इंडियन आवाज़     19 Oct 2018 11:04:11      انڈین آواز

SC expresses serious concern over cases of sexual abuse at shelter homes


Our Correspondent / New Delhi

The Supreme Court today expressed serious concern over recent cases of rape and sexual abuse of girls at shelter homes in Bihar and Uttar Pradesh.

The apex court’s observation came while hearing a matter relating to sexual abuse of children at orphanages.

A bench of justices Madan B Lokur, S Abdul Nazeer and Deepak Gupta while referring to the recent incident at Pratapgarh in Uttar Pradesh where 26 women have been reported to be missing from shelter homes asked when these horrific incidents will stop.

The apex court on May 5 last year, had passed a slew of directions including setting up of a data base of children living in orphanages and child care institutions to ensure their safety and welfare.

The Court had directed the Centre, state governments and union territories to complete the registration of all child care institutions by the year-end.

The bench directed the Ministry of Women and Child Development to place before it the data they have received from the states including as to how the funds were being utilized and how performance audit was done. The court has posted the matter for hearing on 21st of this month.

“Tell us what is this happening?,” the bench asked while referring to the recent incident at Pratapgarh in Uttar Pradesh where 26 women have been reported to be missing from shelter homes.

“Yesterday, I read so many women have been raped in Pratapgarh. How will these things stop,” Justice Lokur asked, adding “When it is going to stop?”

Besides Pratapgarh, incidents of rape and sexual abuse of women and girls at shelter homes run by NGOs have also surfaced recently in Muzaffarpur in Bihar and Deoria in Uttar Pradesh.

Advocate Aparna Bhat, assisting the court as an amicus curiae in the matter, said that the Centre was supposed to come out with a report on list of child care institutions (CCIs) in the country as well as status of their social audit.

“We cannot do everything unless the government of India appears,” the bench observed while questioning as to why the counsel for the Centre has not appeared in the matter.
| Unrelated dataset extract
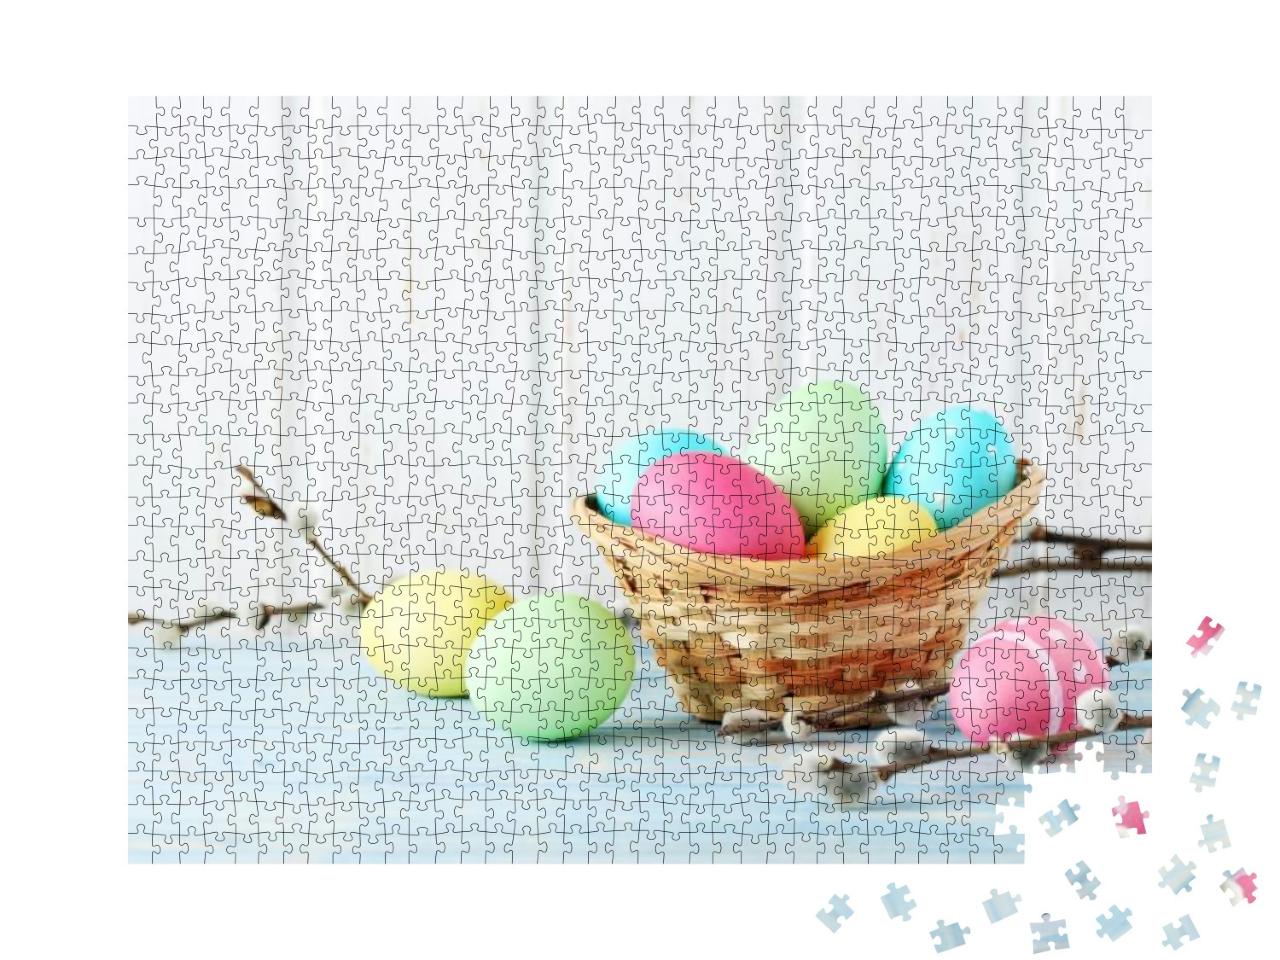 Easter Eggs on a Blue Wooden Table... Jigsaw Puzzle with 1000 pieces

Later, advocates on behalf of the Centre, the Ministry of Home Affairs and the Ministry of Women and Child Development appeared before the court.

The bench took exception as to why lawyers were appearing for different ministries and observed that there were so many ministries but that does not mean that separate lawyers would appear for them.

“Only the Ministry of Women and Child Development is required in this case,” the bench said.

The amicus told the bench that the apex court in its last year verdict had asked the Centre to get social audit of all such CCIs conducted through the National Commission for Protection of Child Rights (NCPCR).

“It appears that the NCPCR has started the exercise but some states are refusing to cooperate with the NCPCR,” the amicus told the bench, adding, that Bihar and Uttar Pradesh were among the states which have not cooperated in the exercise.

“Did they (NCPCR) conducted any social audit in Pratapgarh and Deoria,” the bench asked.

The counsel representing the NCPCR said that the commission was not allowed to conduct social audits in six states — Bihar, Uttar Pradesh, Meghalaya, Arunachal Pradesh, Tripura and Mizoram.